Core Concepts
EventEgo3D is the first approach for real-time 3D human motion capture from egocentric monocular event streams, achieving high 3D reconstruction accuracy and supporting pose update rates of 140Hz.
Abstract
The paper introduces EventEgo3D (EE3D), the first approach for 3D human motion capture from an egocentric monocular event camera with a fisheye lens. Event cameras provide high temporal resolution and work well under low lighting and fast motions, addressing the limitations of existing RGB-based egocentric 3D pose estimation methods.
The key highlights of the paper are:
EE3D is a novel neural network architecture tailored for learning from event streams in the LNES representation, enabling high 3D reconstruction accuracy.
The Residual Event Propagation Module (REPM) prioritizes events triggered around the human, helping the network focus on the human subject rather than background events.
The authors design a compact head-mounted device (HMD) with an egocentric event camera and record a real dataset with event observations and ground-truth 3D human poses, in addition to a large-scale synthetic dataset.
EE3D demonstrates superior 3D accuracy compared to adapted versions of existing RGB-based and event-based methods, while supporting real-time 3D pose update rates of 140Hz.
Extensive experiments, including an ablation study, validate the contributions of the core modules of EE3D.

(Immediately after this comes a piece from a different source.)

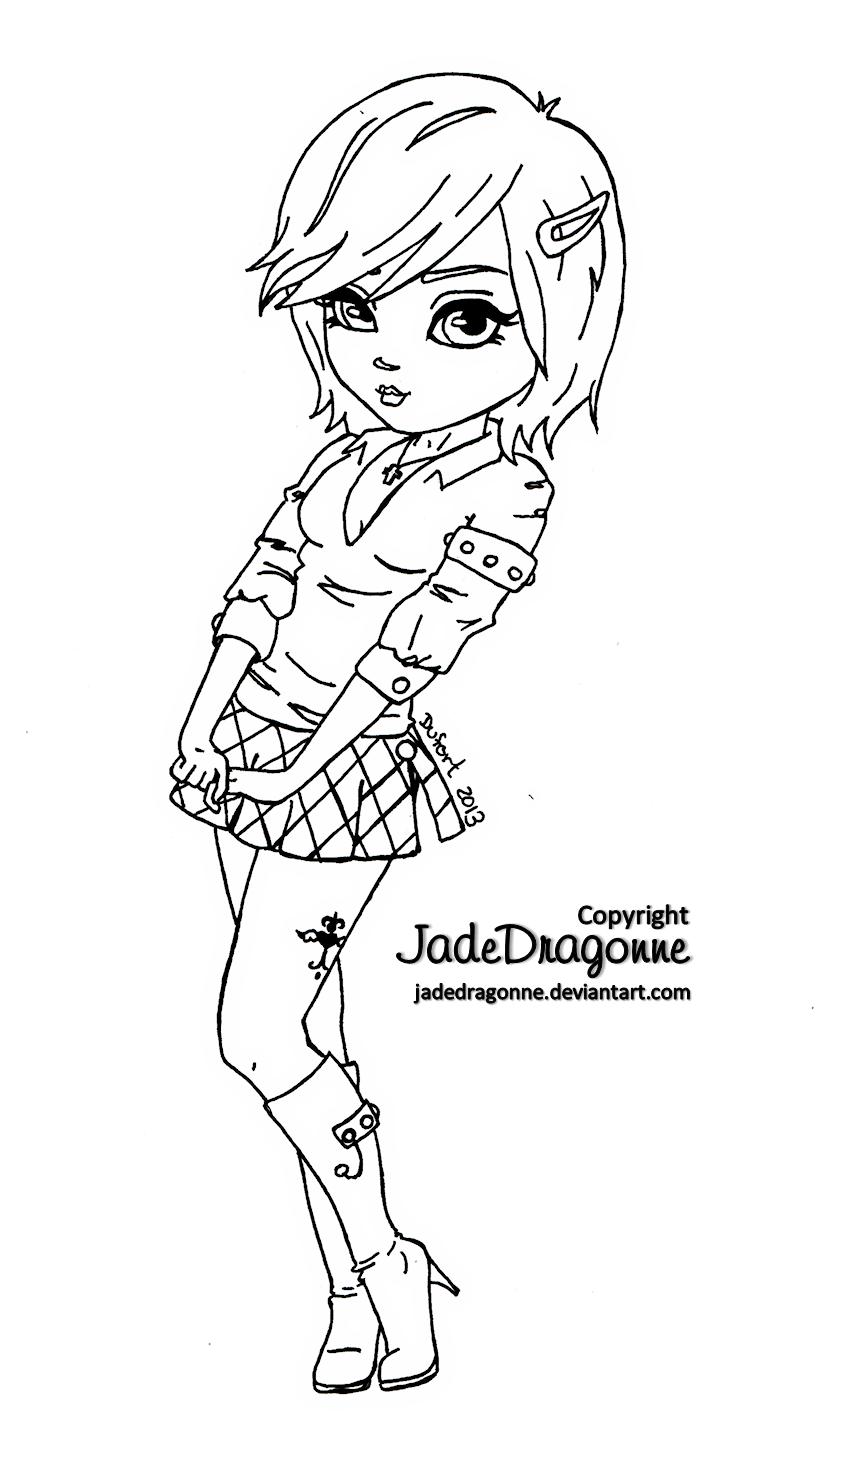 Skirt \'n boots - Lineart by JadeDragonne.deviantart.com on ...

The paper addresses a new problem in egocentric 3D vision and provides a comprehensive solution, including hardware design, datasets, and a tailored neural architecture. The results showcase the advantages of event cameras over RGB sensors for this task.
Stats
The paper reports the following key metrics:
Mean Per Joint Position Error (MPJPE) on the EE3D-R dataset:
Walking: 70.88 mm
Crouching: 163.84 mm
Pushups: 97.88 mm
Boxing: 136.57 mm
Kicking: 103.72 mm
Dancing: 88.87 mm
Interaction with environment: 103.19 mm
Crawling: 109.71 mm
Sports: 101.02 mm
Jumping: 97.32 mm
Average: 107.30 mm (σ = 25.78 mm)
Procrustes Aligned MPJPE (PA-MPJPE) on the EE3D-R dataset:
Walking: 52.11 mm
Crouching: 99.48 mm
Pushups: 75.53 mm
Boxing: 104.66 mm
Kicking: 86.05 mm
Dancing: 71.96 mm
Interaction with environment: 70.85 mm
Crawling: 77.94 mm
Sports: 77.82 mm
Jumping: 80.17 mm
Average: 79.66 mm (σ = 14.83 mm)
Quotes
"EventEgo3D is the first approach for real-time 3D human motion capture from egocentric event streams."
"Our EE3D demonstrates robustness and superior 3D accuracy compared to existing solutions across various challenging experiments while supporting real-time 3D pose update rates of 140Hz."